Blog
-- Thoughts on data analysis, software
development and innovation management. Comments are welcome
Post 56
Multi-class Logistic Regression in Machine Learning (revisited)
10-Nov-2011
In my former post about Multi-class Logistic Regression in ML (see
Post 55),
I questioned the ml-class about using a multi-class generalisation
strategy, i.e., the One-Versus-All (OVA),
with a plain dichotomic Logistic Regression
classifier when there's a more concise multi-class model, i.e., the
Multinomial Logistic Regression (MLR), that is already of extensive use in ML.

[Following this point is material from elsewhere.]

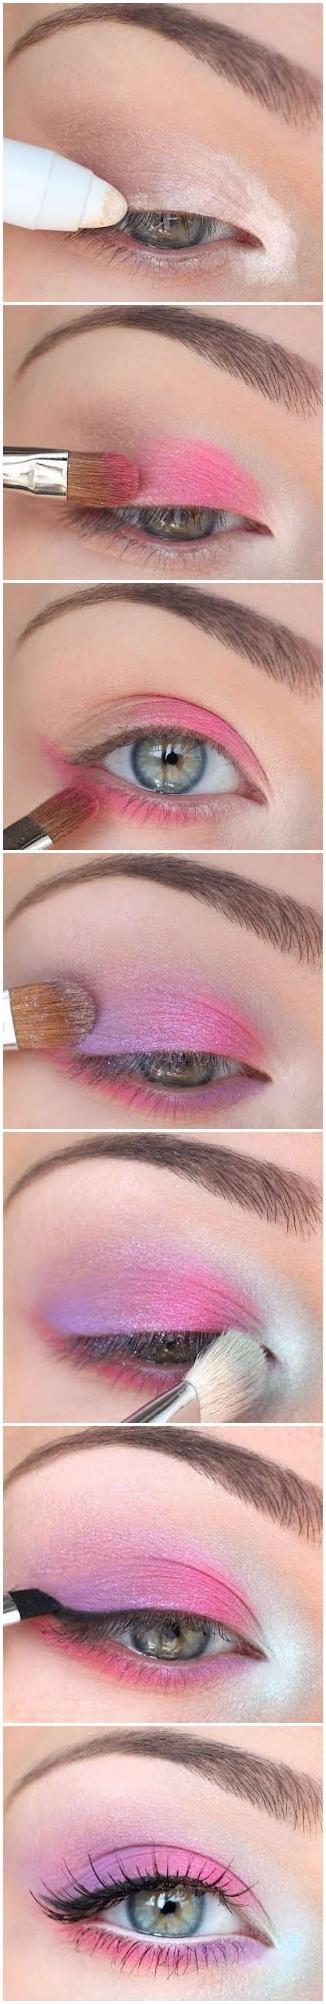 Maquillaje rosa paso a paso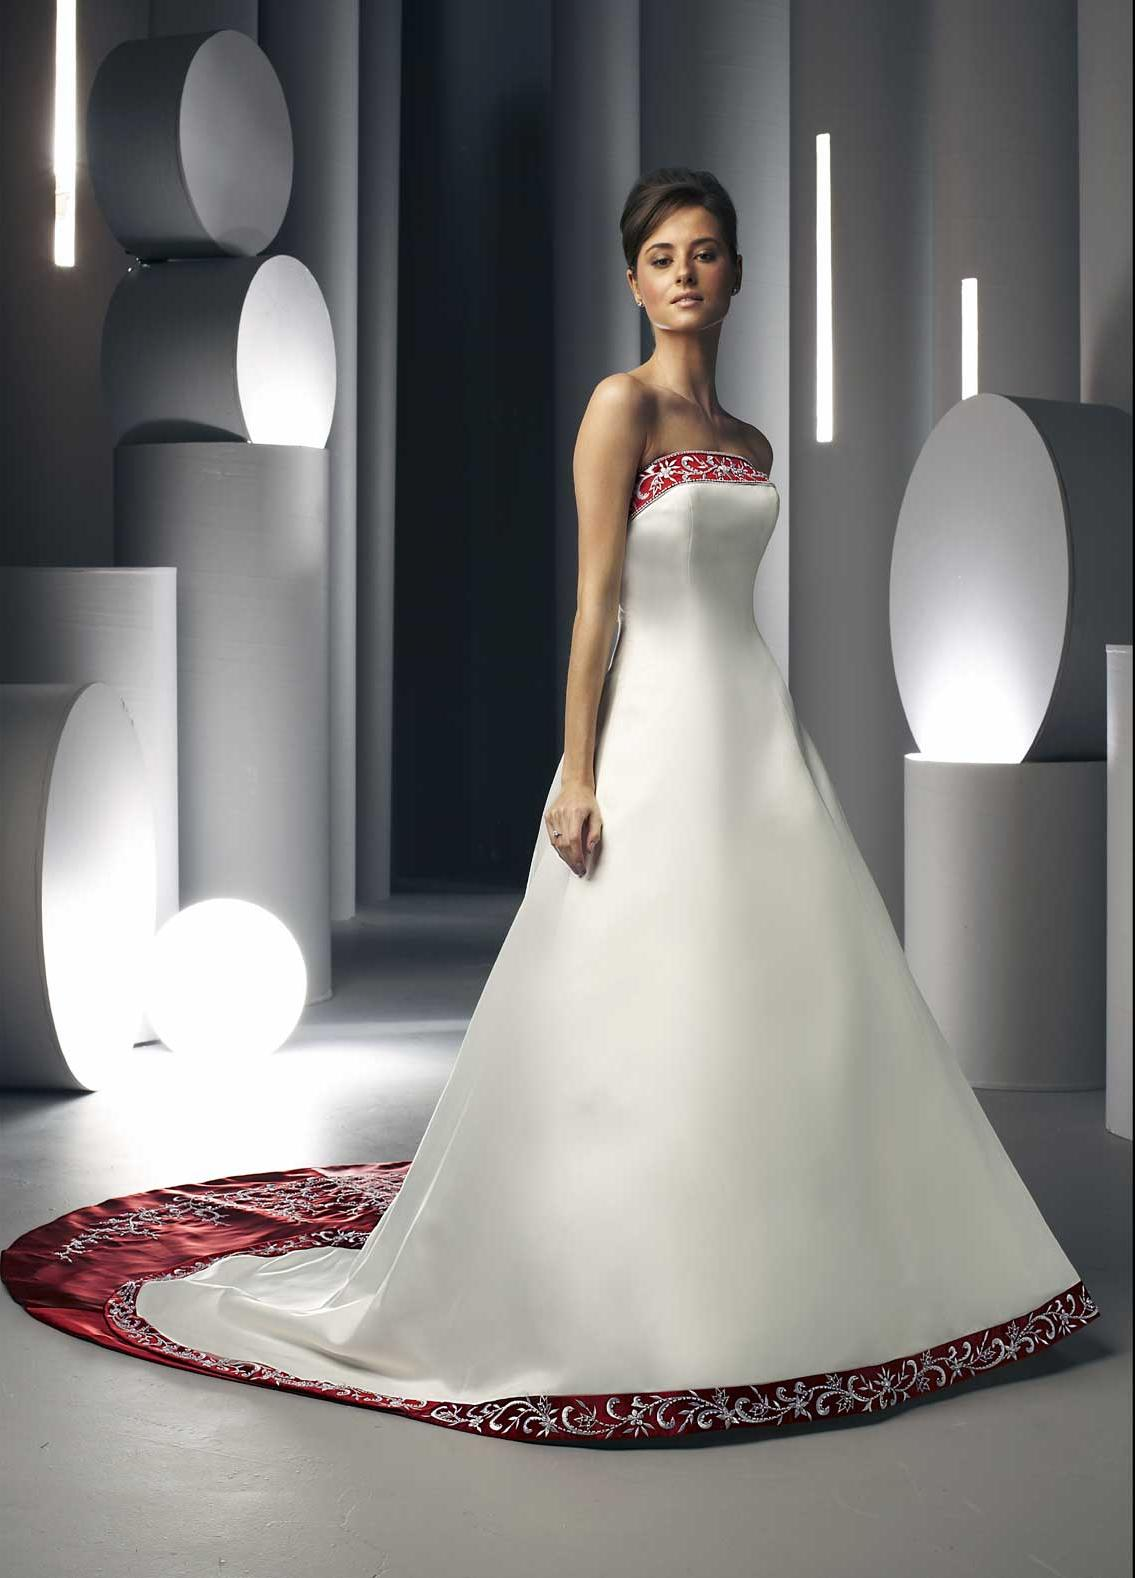 Delisha S Blog Diy Moss Wedding Centerpieces

I foolishly concluded (to err is human)
that using OVA should be due to higher effectiveness issues,
assuming that my MLR optimisation implementation
based on batch Gradient Descent was directly comparable
to the one provided in class, which is based on an advanced optimisation
procedure, "with steroids", such as Conjugate Gradient or L-BFGS. Specifically,
the course provides a method based on the Polack-Ribiere gradient search
technique, which uses first and second order derivatives to determine the search
direction, and the Wolfe-Powell conditions, which lead to fast minimisation of
the criterion function, altogether suited for efficiently dealing with a large
number of parameters.
But as Prof. Ng remarked in a previous lecture, the optimisation
procedure has a notable impact on the final fitting of the model wrt the
training data, and this definitely makes the difference. I have recoded the MLR
with the parameter unrolling method shown this week in order to interface with the
same advanced optimisation method (available
here),
so the results are now truly directly
comparable. The MLR yields an effectiveness of 95.22% in 99.58 seconds,
which makes it 0.2% more effective and 10.91 times faster than OVA-LR. Therefore,
the class-wise parameter dependence in the MLR predictions provides an
overall much faster to train and slightly better classifier than OVA-LR,
for this problem.
Nevertheless, the question wrt which strategy
is preferable still remains open because
other multi-class strategies such as Pairwise classification are yet to be
studied.
|